The AI art program Botto was launched in 2021 and has created over 150 artworks of a wide range of disciplines. These artworks not only sold for big bucks but collectively bagged over $5 million at auctions.

“The recent advancements in artificial intelligence, deep learning, and data analysis make me confident that in the near future, machine artists will be able to create more interesting work than humans,” said one of Botto’s creators and German artist, Mario Klingemann.

Its co-creator, Simon Hudson, said that Botto has two primary goals. The first goal is to become recognized as an artist, and the second one is to be successful at it. The basic meaning of success for an artist includes commercial, financial, cultural, and spiritual accomplishment through artwork.

The AI program works similarly to DALL-E by taking in text prompts and giving output from its context understanding and training parameters. However, the artistic originality of the AI program comes from loosely stitched guidance combining random words, phrases, and symbols to produce images.

The keyword to focus on here is randomized work, with 350 presented to a collective of 5,000 people, also known as the Decentralized Autonomous Organization. These people vote on the image to decide whether it should be put on sale. This takes away the idea of a lone genius in art and builds a collective meaning-making process. “And when you have a deluge of AI-generated content, that’s going to be even more important of a process,” said Hudson.

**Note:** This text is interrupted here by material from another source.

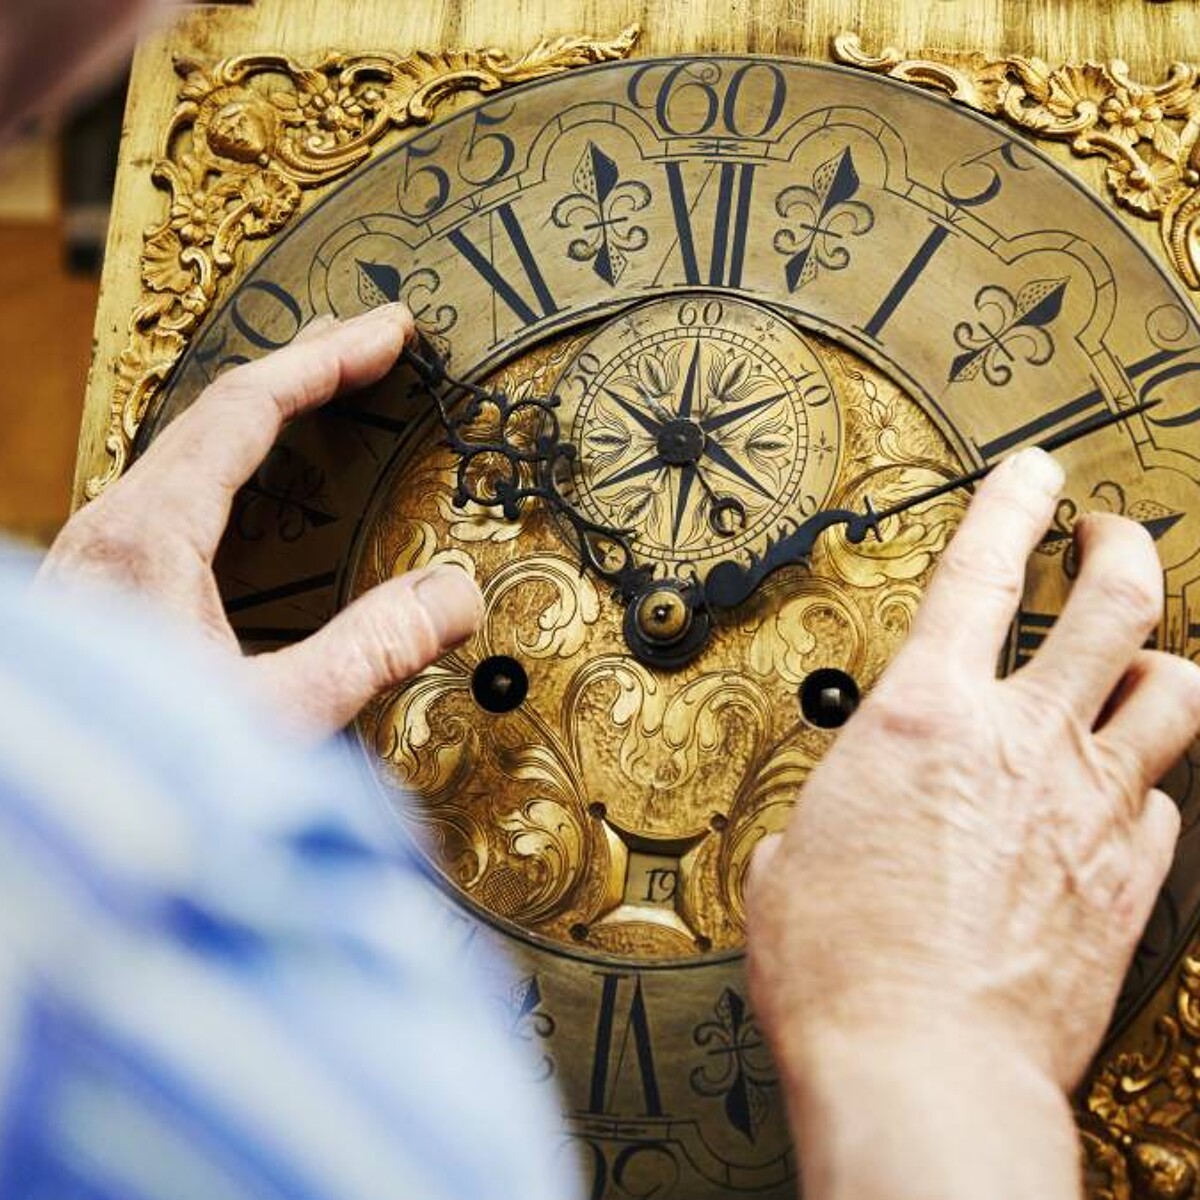 Blog - Antique Clocks: Guide to Set-up and Maintain

The AI program also sometimes flops in generating sales from even the highest-voted artworks. In its early phases, Botto listed two artworks for $13,000 and $15,000, which did not sell at auction. 

“Certainly, Botto right now is a collaboration between machine and crowd. The human hands are certainly there, but the setup is such that Botto has maintained the central role of authorship,” said Hudson. This means that soon, AI may be more capable of generating original and sale-worthy artworks than human artists.